┏━━
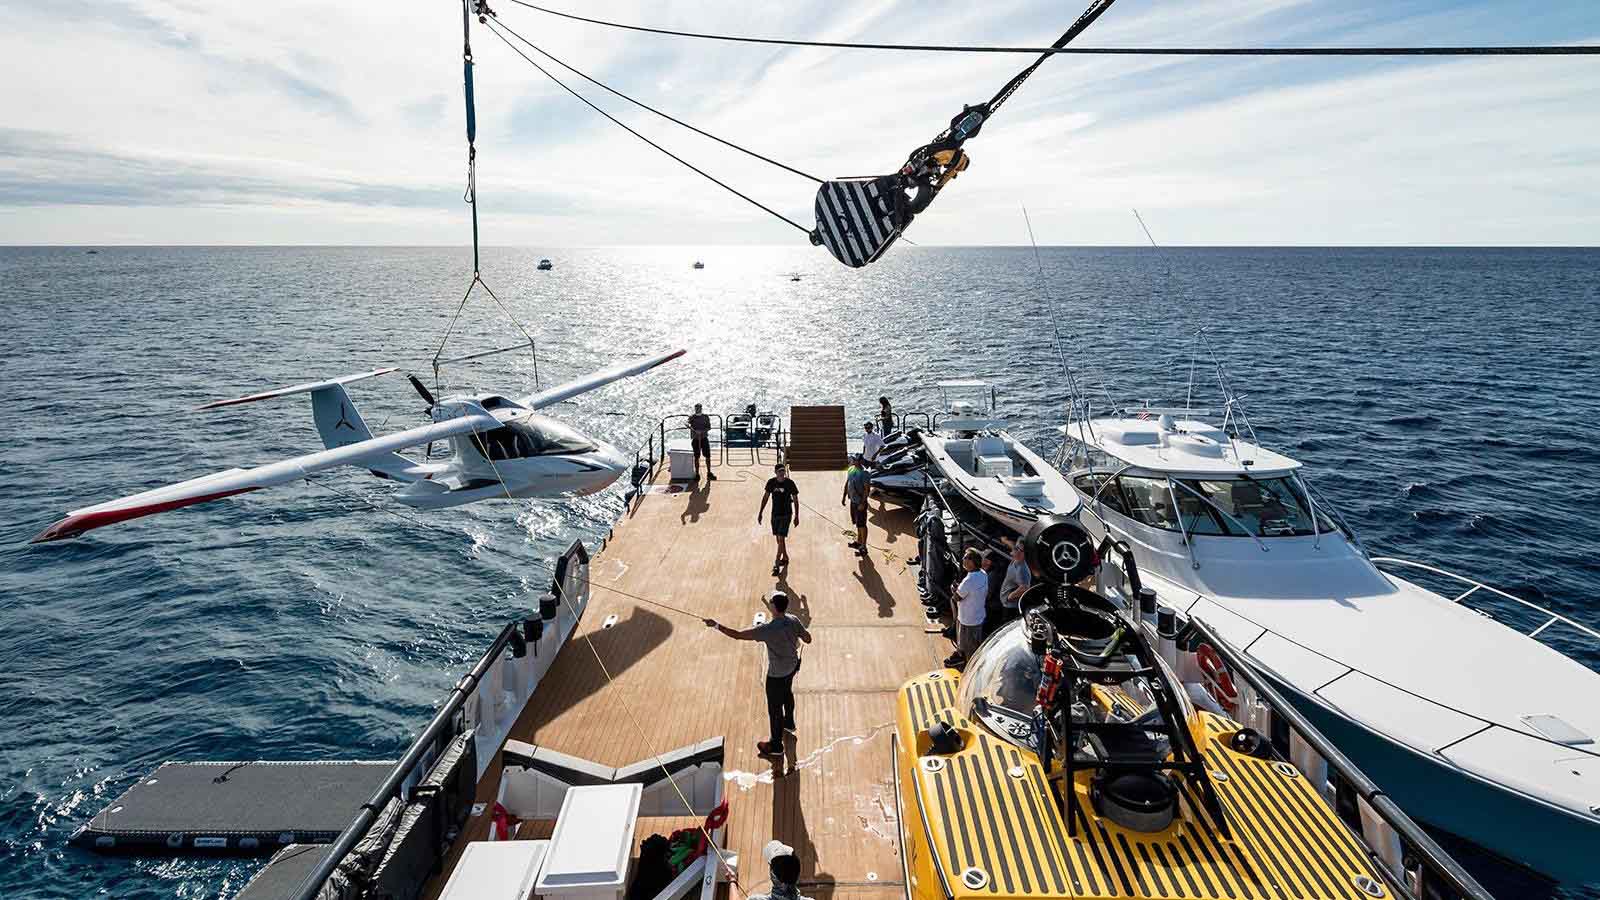 Damen entrega iate de apoio de 55 metros Power Play-boatshopping
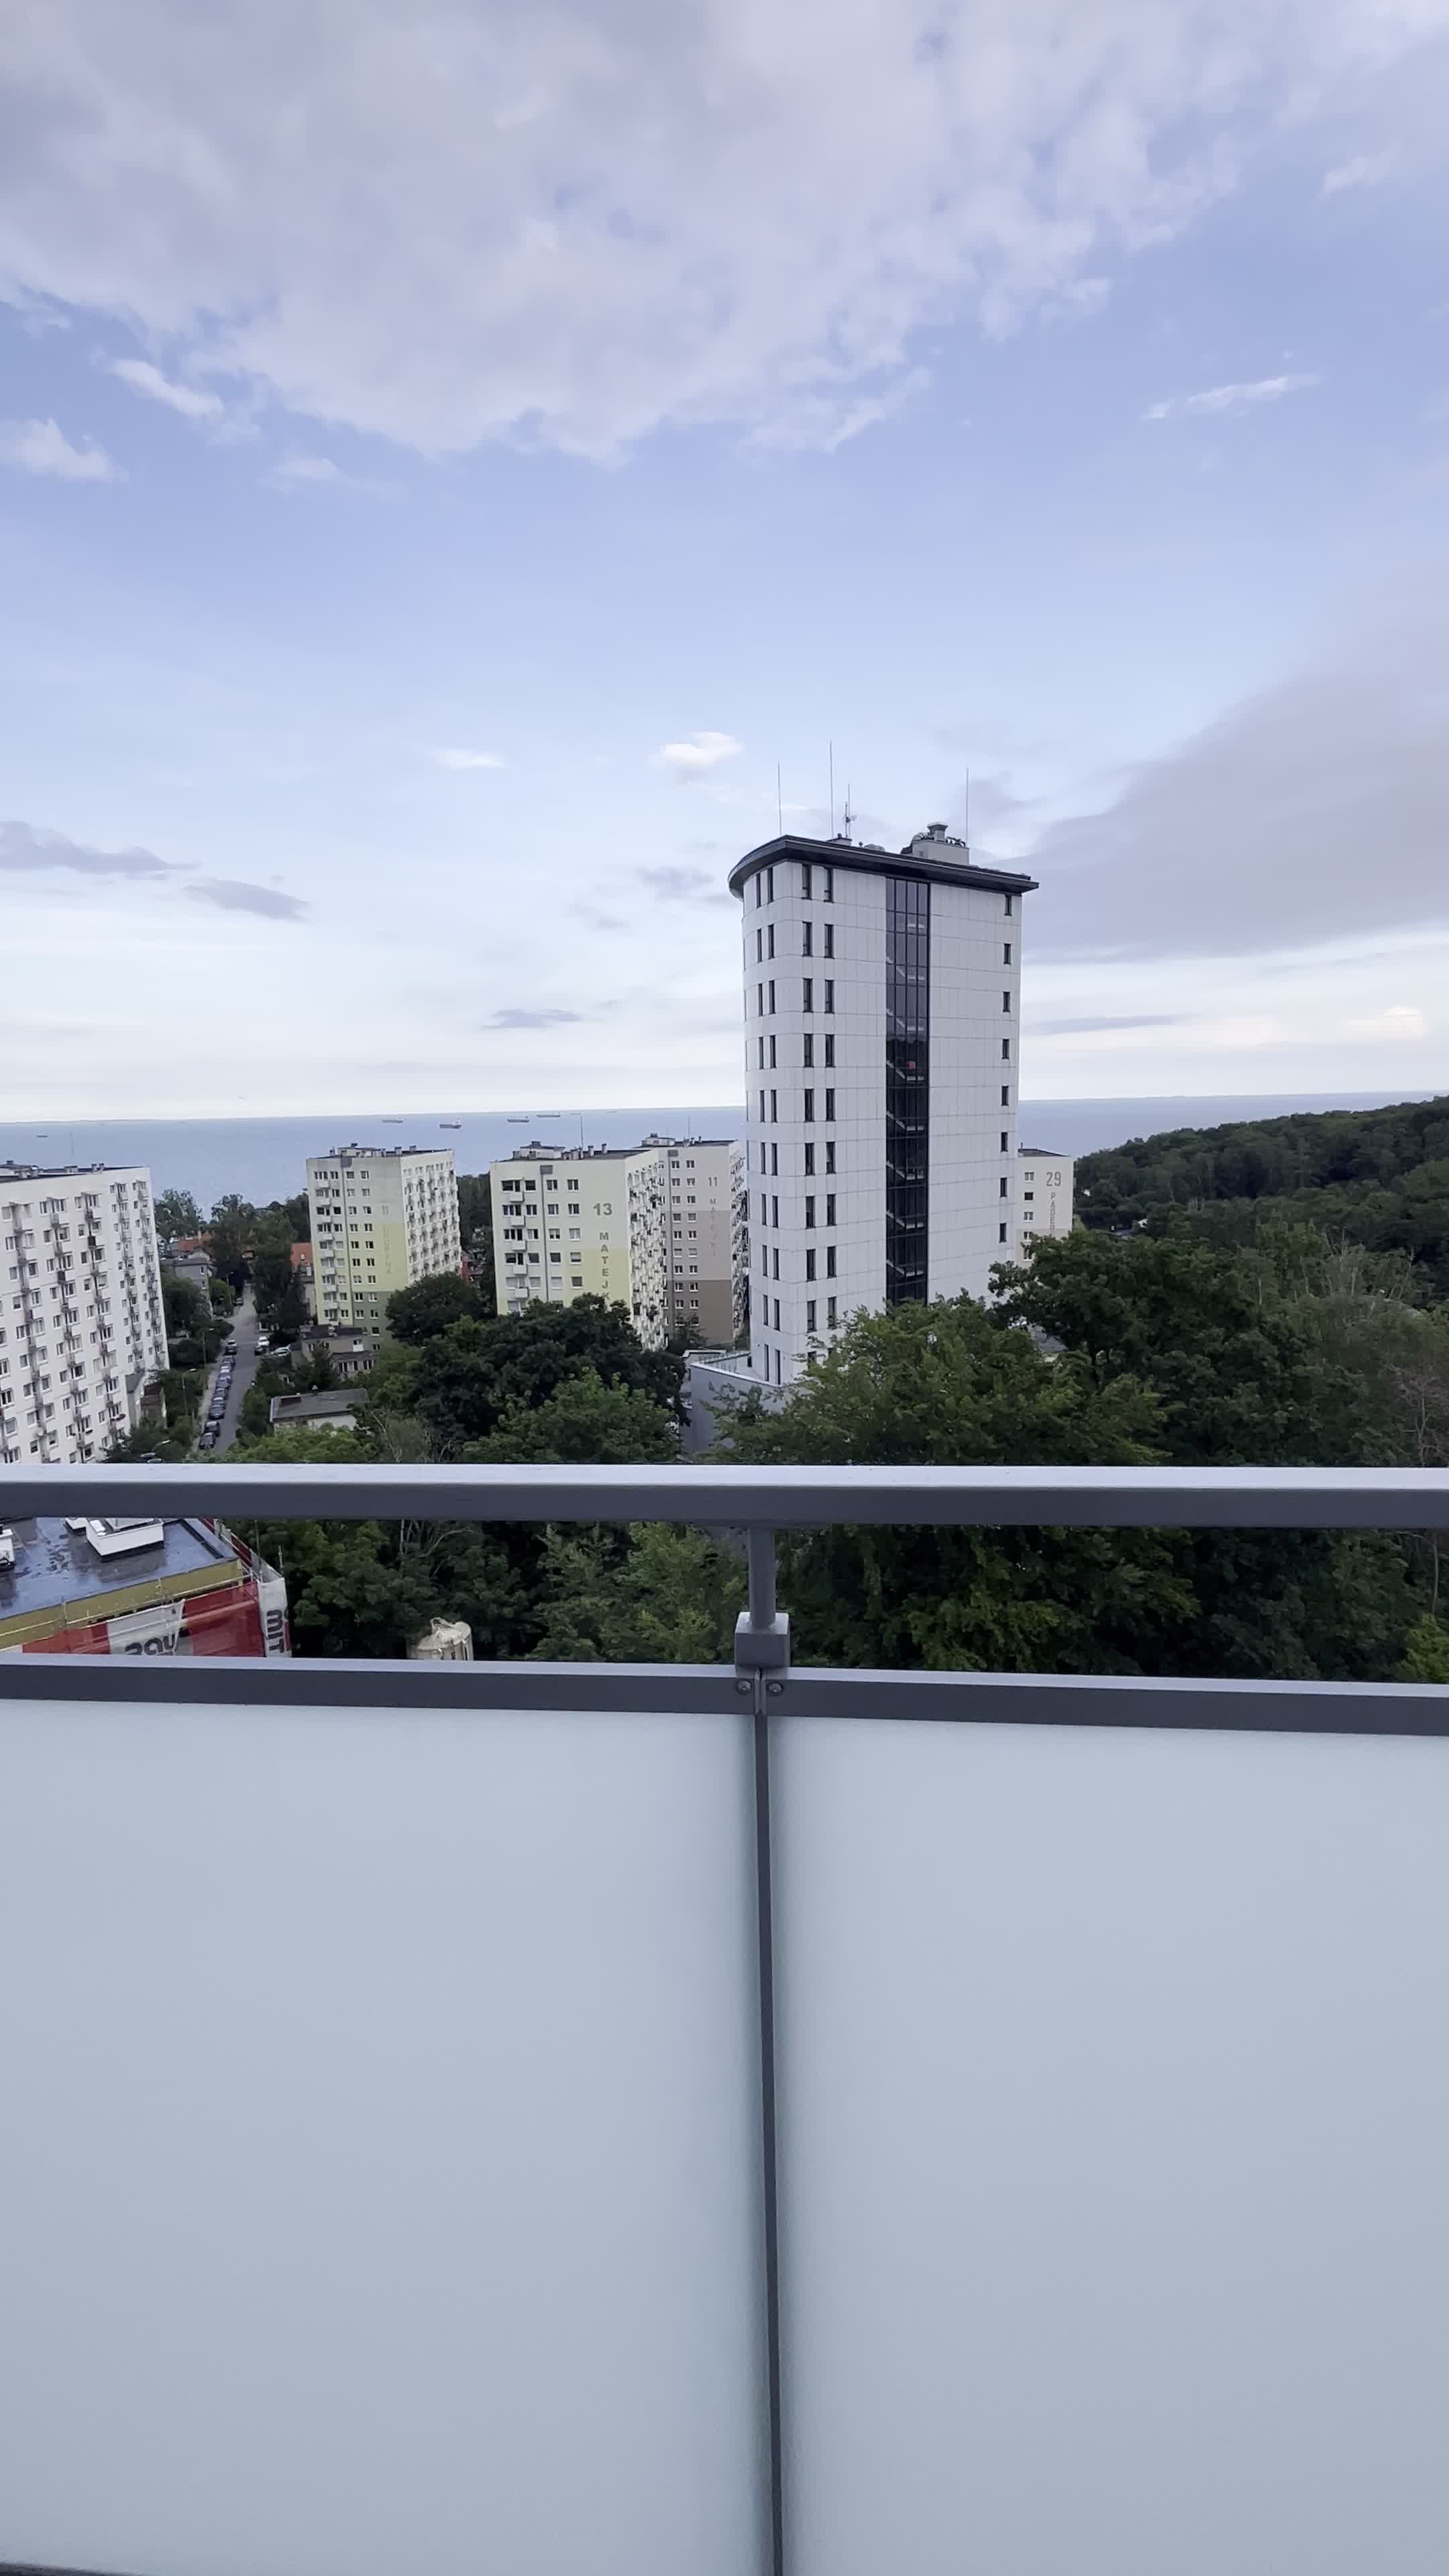 M1 z WiDOKiEM na MoRZE Parking Wzg.Św. Maks balkon 500m: centrum plaża: wideo 16771
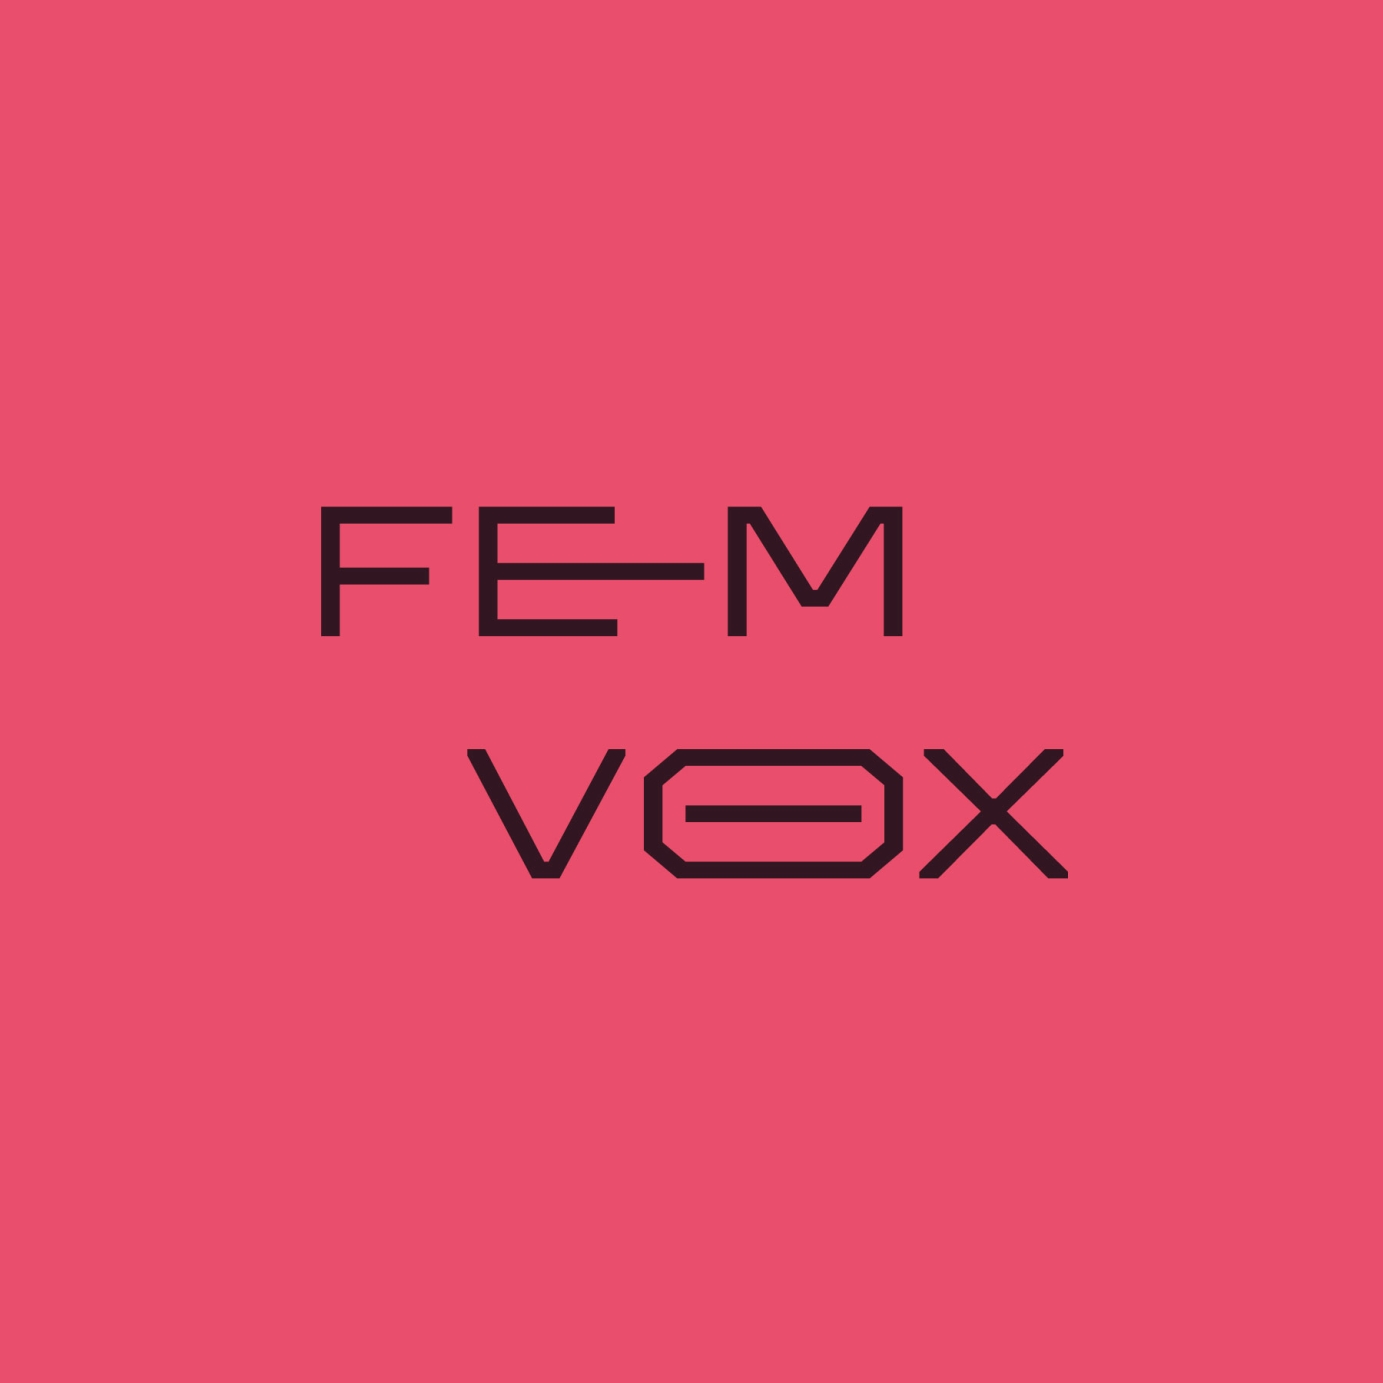 Fem Vox
┗━━
WHAT YOU ARE ASKED TO DO:
In your output, repeat the listing above exactly and include none of the pictures.

REPLY:
 Damen entrega iate de apoio de 55 metros Power Play-boatshopping
 M1 z WiDOKiEM na MoRZE Parking Wzg.Św. Maks balkon 500m: centrum plaża: wideo 16771
 Fem Vox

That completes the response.